The data above completes the fact check but this statistic – and, indeed, this Private Members’ Motion – did not occur in a vacuum.
This article will outline some of the wider health context below. However, first of all it’s a good idea to explore why this statistic specifically refers to three of Northern Ireland’s five geographical health trusts: Northern, Western and Southern, while excluding the Belfast and South Eastern trusts.
Health and Social Care NI is currently undergoing a transition from paper-based to electronic record keeping. This is a significant task and the rollout is taking place in phases.

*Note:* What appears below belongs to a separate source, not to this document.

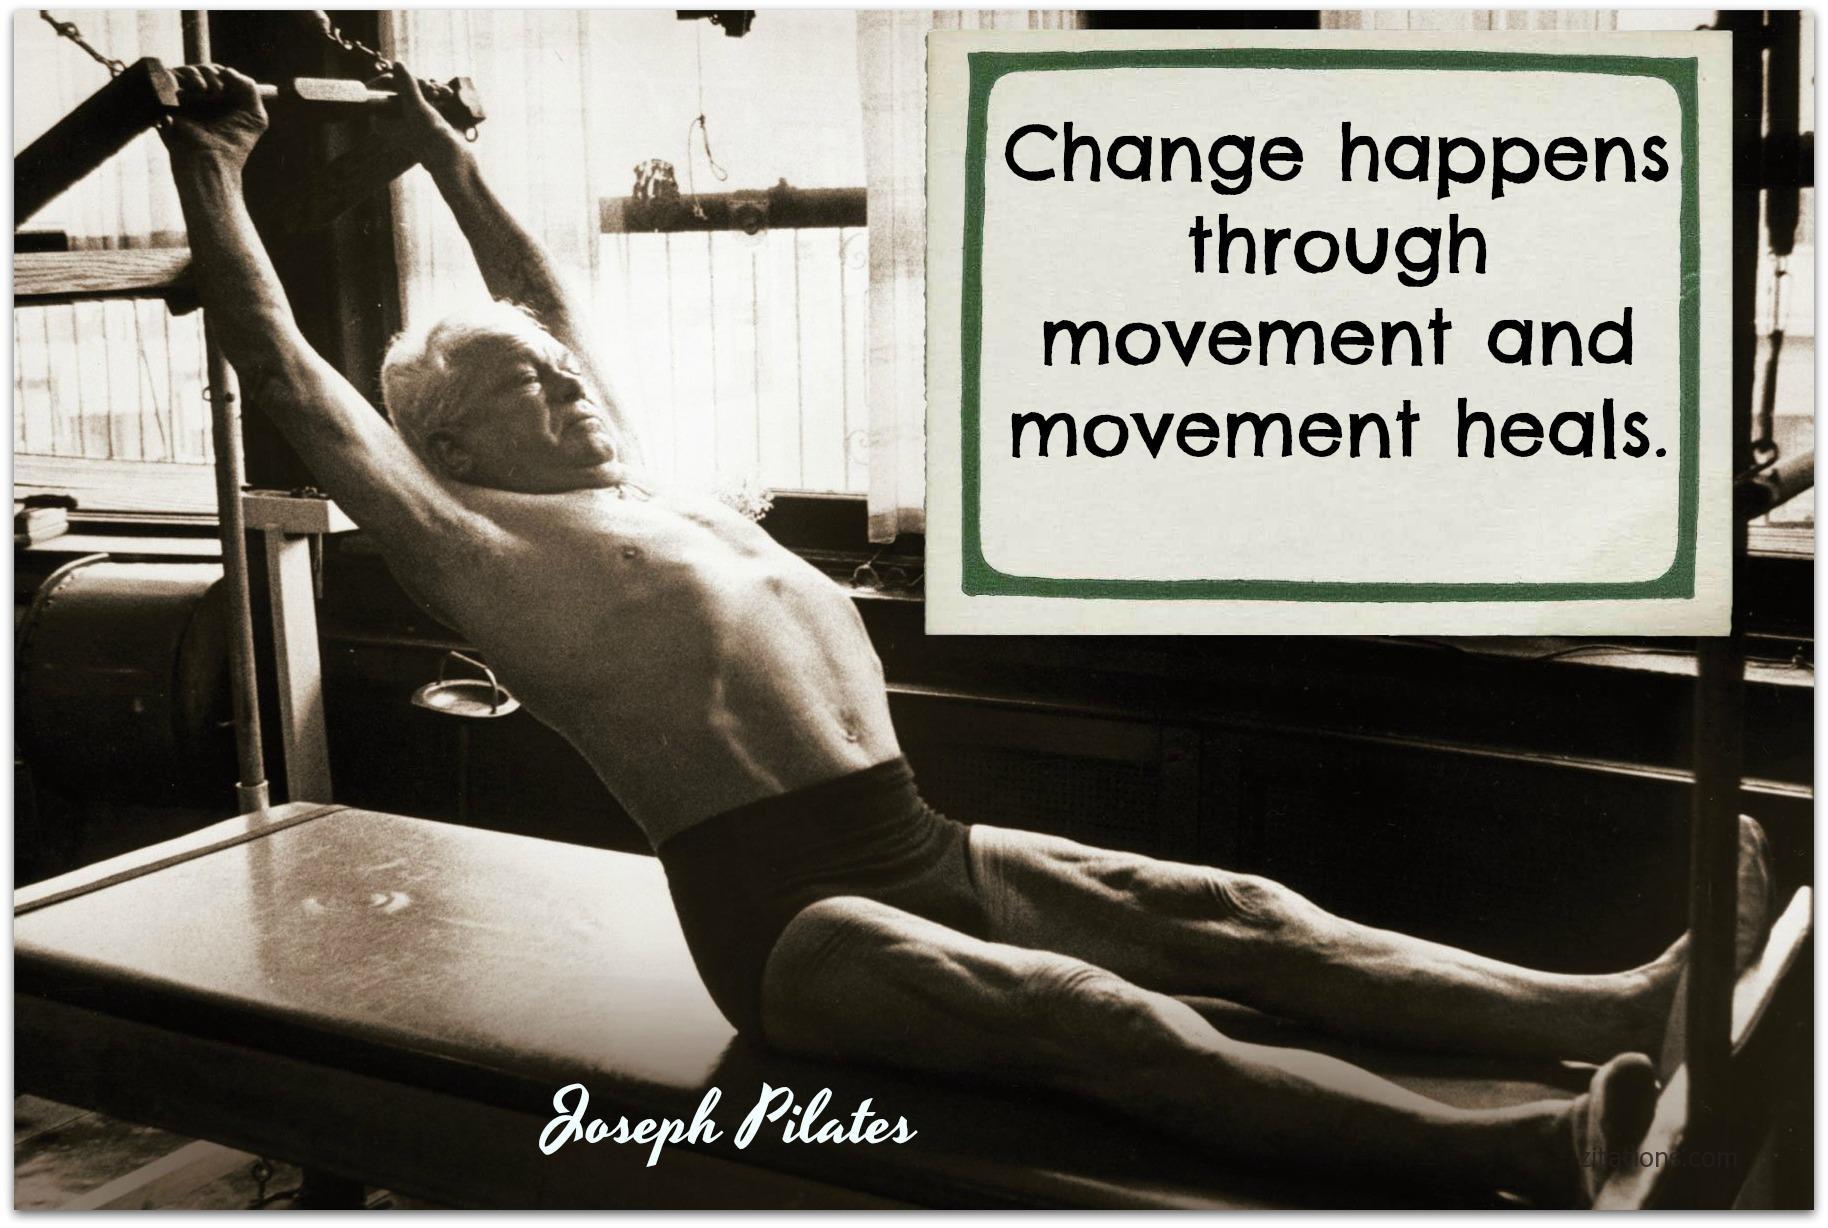 Joseph Pilates on exercises

According to the statistical publication of the latest outpatient waiting time figures, this has had an impact on gathering, analysing and comparing data across trust. The report states that:
“On 9 November 2023 the South Eastern Health and Social Care (HSC) Trust launched ‘encompass’ – a new electronic patient record system. The system also went live in Belfast HSC Trust on 6 June 2024 and its rollout across the other Trusts will follow on a phased basis throughout 2024/25. Consequently, as South Eastern HSC Trust continues to transition to completely digitised health records, not all of their data were available at the time of publication. Given the relatively recent transition of Belfast Trust, no data were available for this Trust at the time of publication… As such, any Northern Ireland level figures throughout this report only include data for Northern, Southern and Western HSC Trusts.”
- Wider context
The DUP motion that includes the claim featured in this article itself centres on the apparent need to restructure NI’s entire health and social care system.
Various reports and other official analyses of HSC have come to similar conclusions in the past decade or so. These include 2011’s Transforming Your Care, the Donaldson Report from 2014 and 2016’s Bengoa report.
Each report outlines how various socioeconomic changes, including demographic changes such as NI’s ageing population, are and will continue to lead to growing demand for care – with each concluding that the increase in demand will outstrip the ability to meet that demand.
Keeping that in mind, the same Outpatient Waiting Time Statistics publication from August which features the statistic quoted by both the Private Members’ Motion and the two DUP MLAs also states that:
- 84.2% (194,207) of patients were waiting more than nine weeks for a first consultant-led outpatient appointment on 30 June 2024, compared with 84.0% (196,934) on 31 March 2024 and 82.6% (174,024) on 30 June 2023.
- 50.8% (117,027) of patients were waiting more than 52 weeks for a first consultant-led outpatient appointment on 30 June 2024, compared with 50.2% (117,690) on 31 March 2024 and 47.6% (100,331) on 30 June 2023.
The report also contains several charts showing how certain waiting lists have grown over time.
Figure 1, below, includes a bar chart showing the number of patients who attended first outpatient appointments in each quarter between June 2008 and June 2024 – as well as a line graph indicating how the total waiting list has changed (and largely grown) over the same period:
Figure 1 – source: Northern Ireland Outpatient Waiting Time Statistics at 30 June 2024
Note that the above chart excludes data for the Belfast and SE trusts, as per the explanation in the section above.
However, the same trend of growth in waiting lists can also be seen by adding in data from those trusts for the period up to September 2023 (thus, predating the rollout of the new electronic records system in those excluded trusts):
Figure 2 – source: Northern Ireland Outpatient Waiting Time Statistics at 30 June 2024
For anyone who is interested, the report on outpatient waiting times contains many further pieces of data looking at how demand has changed over time.